Another Alibaba paper called "Dance Whole Job" caused a sensation after AnimateAnyone
Now, just upload a photo of your face and describe it with a simple sentence, you can be anywhere Let’s dance!
For example, the dance video of "Cleaning the Glass" below:
Picture
All you need to do is upload a portrait photo , and fill in the corresponding prompt information
In the golden leaves of autumn, a girl is smiling and dancing in a light blue dress
As the prompts change, the background and clothes of the character will also Change accordingly. For example, we can change a few more sentences:
A girl is smiling and dancing in a wooden house. She is wearing a sweater and trousers
A girl is smiling and dancing in Times Square, Wearing a dress-like white shirt, long sleeves, and long pants.
Picture
This is Ali's latest research - DreaMoving, which focuses on letting anyone dance at any time and anywhere.
Pictures
And not only real people, but also cartoon and animation characters can be held~
Picture
As soon as the project came out, it also attracted the attention of many netizens. Some people called "Unbelievable" after seeing the effect~
Picture
So how is this result achieved? How was this research conducted?

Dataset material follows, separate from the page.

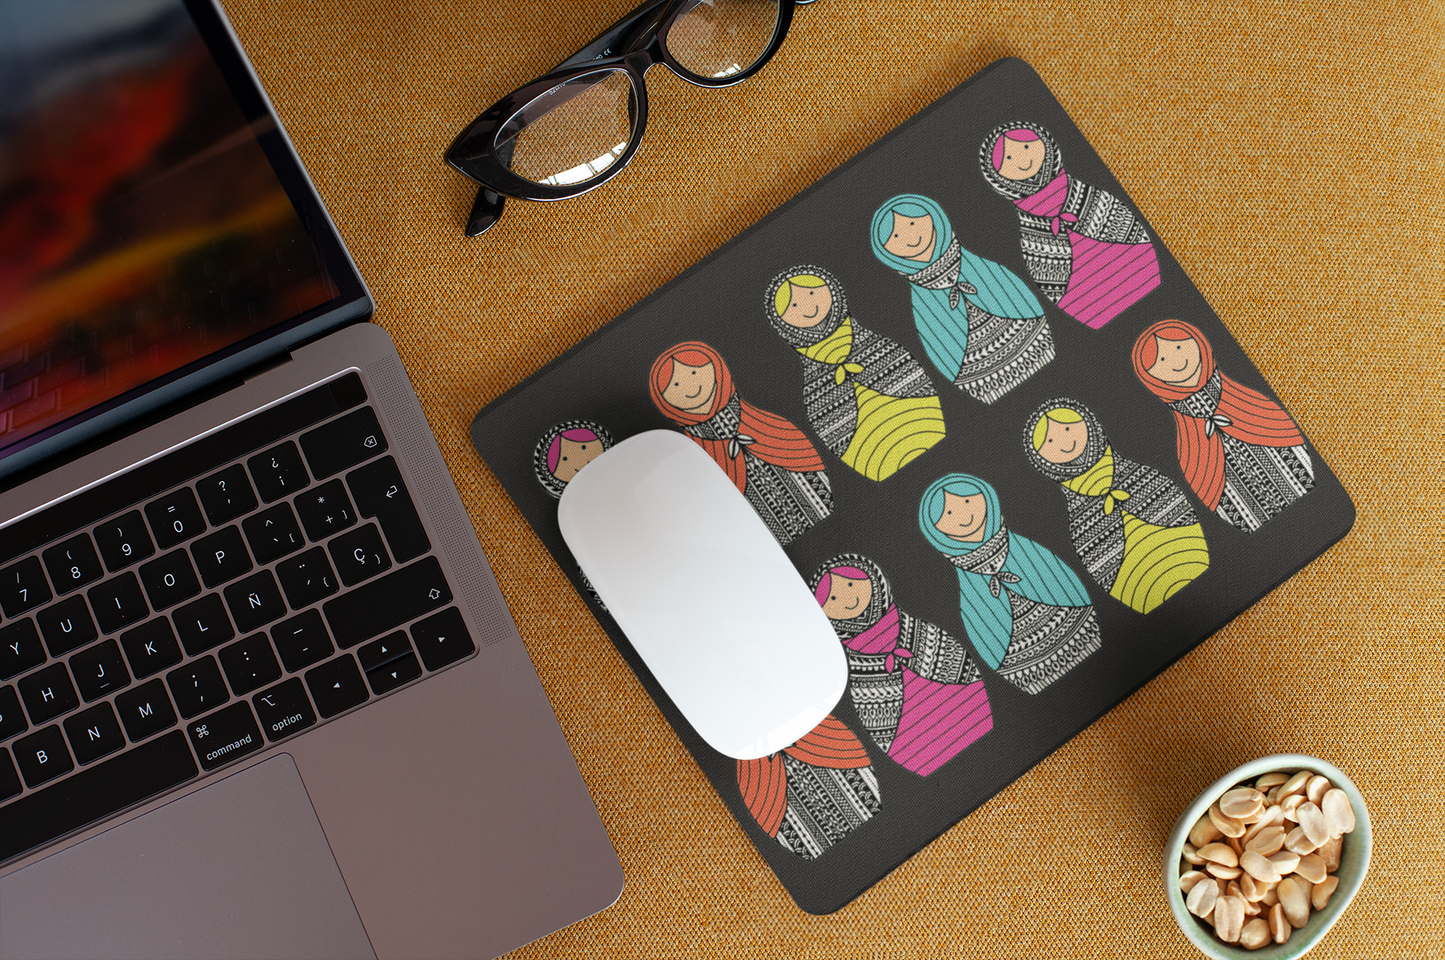 Russian Dolls Black Mouse Pad
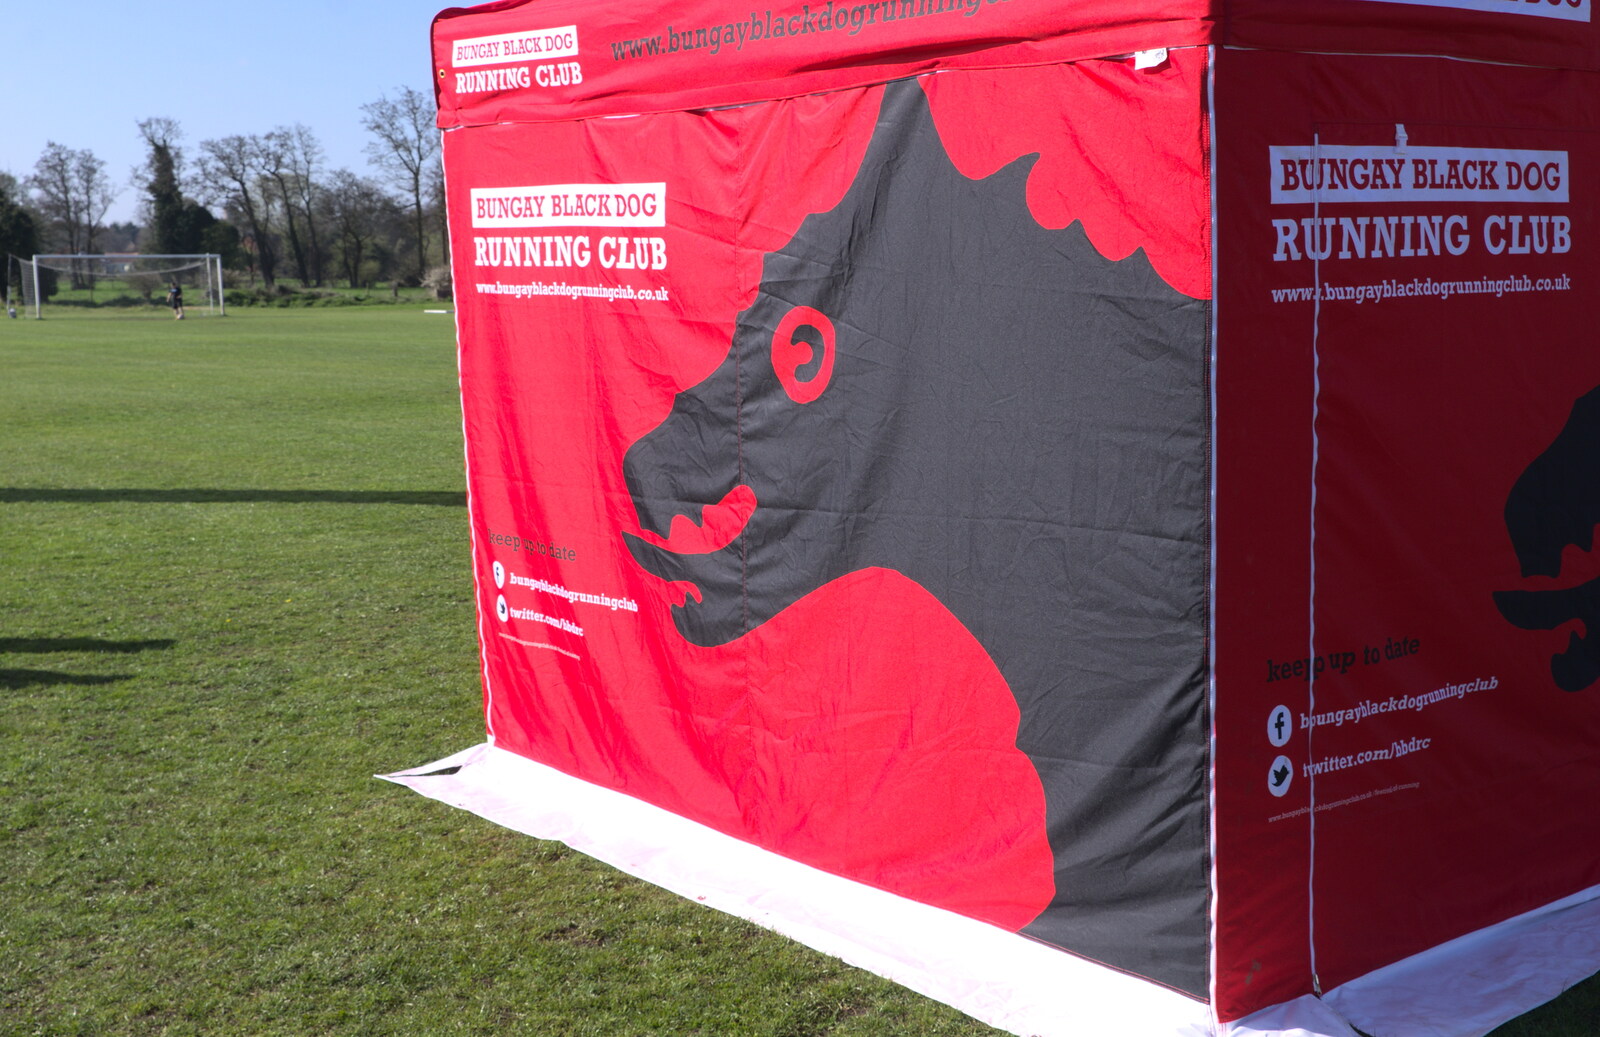 The Black Dog logo on a tent from The Black Dog Festival of Running, Bungay, Suffolk - 2nd April 2017

Although the advent of text-to-video (T2V) models such as Stable Video Diffusion and Gen2, has made great progress in the field of video generation A major breakthrough, but there are still many challenges
For example, in terms of data sets, there is currently a lack of open source human dance video data sets and difficulty in obtaining corresponding precise text descriptions, which makes it difficult for models to generate diverse Sexuality, frame consistency, and longer videos have become challenges
And in the field of human-centered content generation, the personalization and controllability of the generated results are also key factors.
Picture
In order to deal with these two challenges, the Alibaba team first started to process the data set
The researchers first collected it from the Internet About 1000 high quality human dance videos. Then, they cut these videos into about 6,000 short videos (8 to 10 seconds each) to ensure that there are no transitions and special effects in the video clips, which is conducive to the training of the temporal model
In addition, in order to generate For the text description of the video, they used Minigpt-v2 as the video captioner (video captioner), specifically the "grounding" version. The instruction is to describe the frame in detail.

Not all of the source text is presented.